Gonna be real, the sense of hope in this record I am struggling to believe in anymore.
Releasing this and getting whacked with ME/CFS and POTS was ... well, I did an EP about that. I thought things were going up, and there was a forward momentum in my life. That's kinda gone. Also given that the mixing engineer and I had a massive and horrid falling out (and there were issues with the mix/mastering which were mostly due to me being so burnt out on the end I didn't care about it being over-compressed, as well as the mixing engineer having serious mental health issues), coupled with the fact it wasn't reviewed by press that usually covers my label for reasons I cannot fathom, I feel kinda disappointed in this record. It took 7 years to make - and I do not want to take that long to make a record ever again. I do not want anybody to mix my records but me. I don't want records to be hard to make, but joyful. This was actually more miserable to make than its predecessor, even if I was (mostly) less mentally unwell when making it.

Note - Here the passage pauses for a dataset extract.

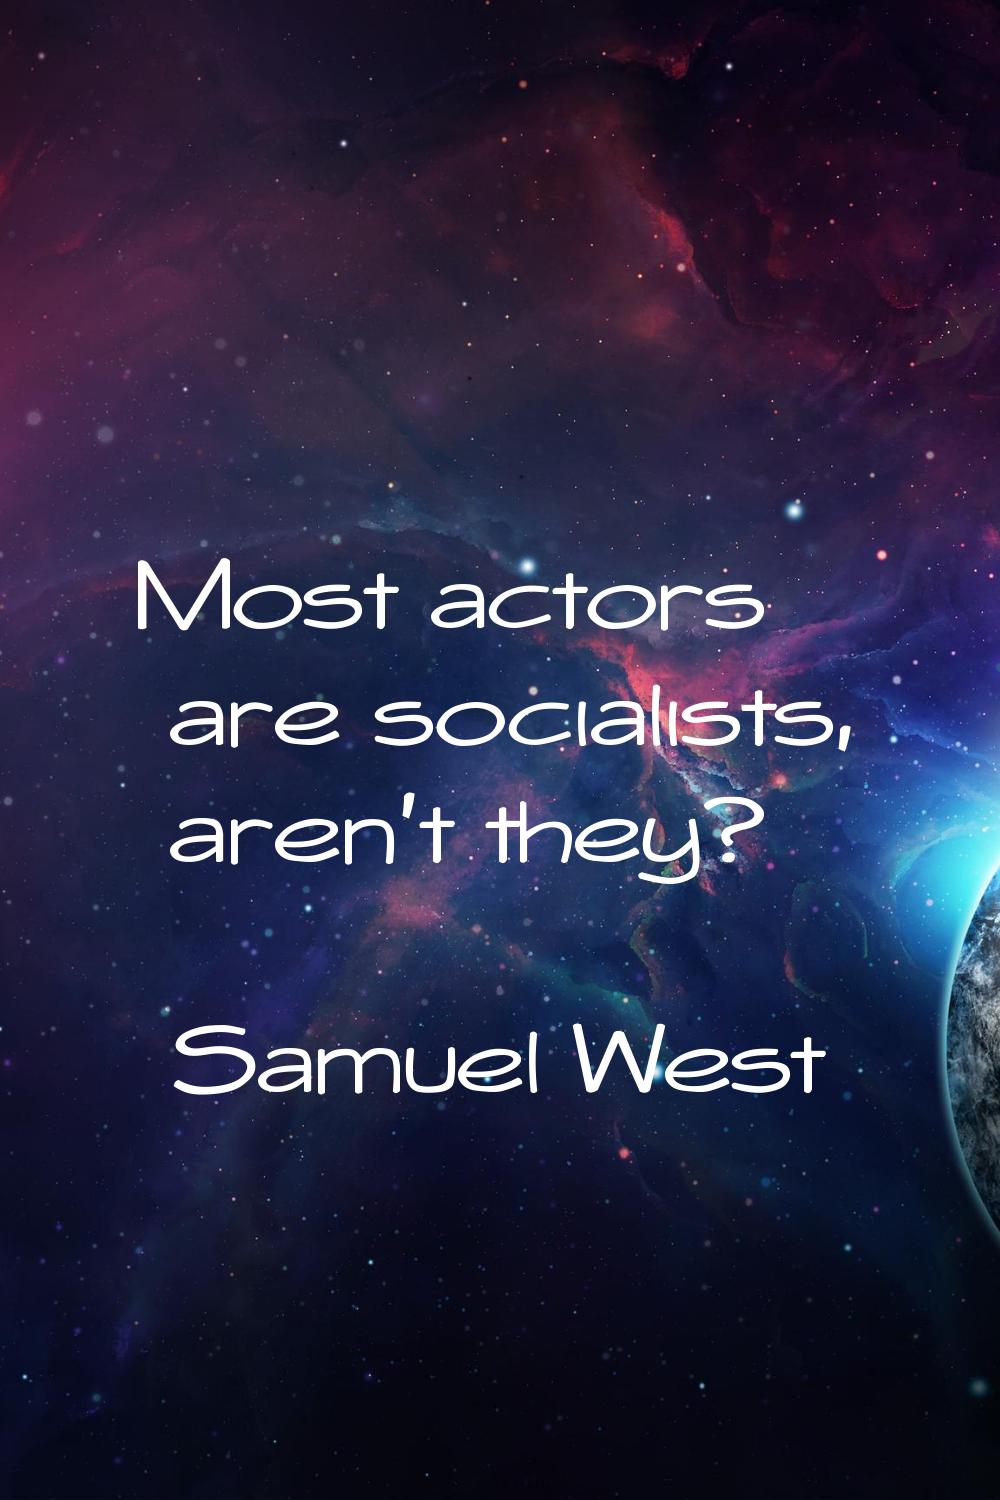 Most actors are socialists, aren't they?
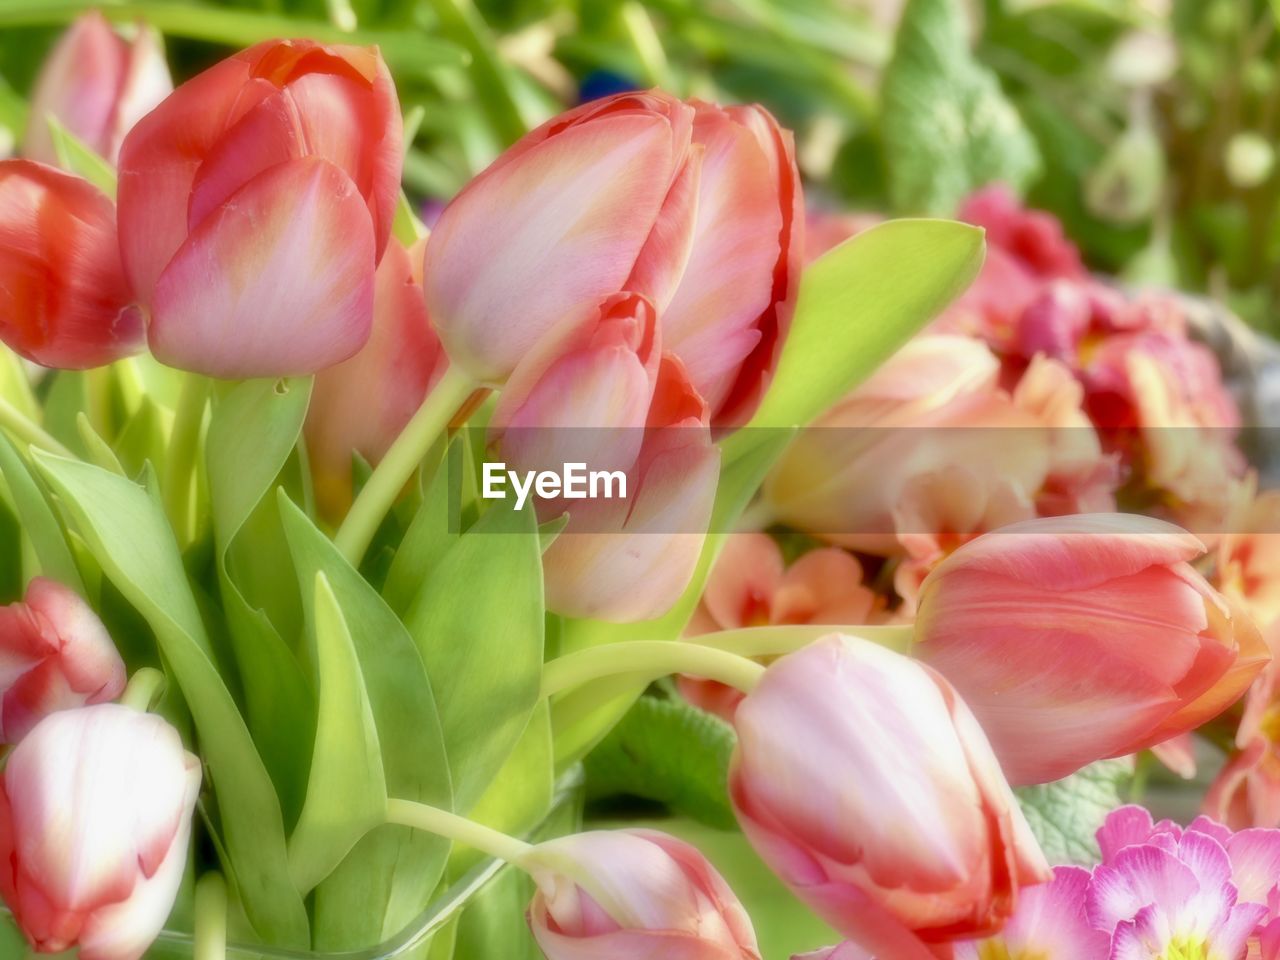 plant, flower, flowering plant, freshness, beauty in nature, tulip, close-up, pink, nature, fragility, petal, no people, flower head, plant part, leaf, inflorescence, springtime, green, growth, outdoors, focus on foreground, selective focus, day, multi colored, flower arrangement, blossom, bouquet, bud, plant bulb, bunch of flowers

That being said, compositionally I wouldn't change a thing. The final track is still my favourite song I've ever worked on, and a lot of it is because of Otay's incredible performance (as well as HHH and Charlie Looker). The sound design I am proud of. Making gore sounds for A Puzzle with a wet towel and bucket (Thanks Vi and Kiera for helping), making synths make sounds they shouldn't, converting random text files into WAVs via audacity... sound design is my passion, and hopefully that passion is evident here.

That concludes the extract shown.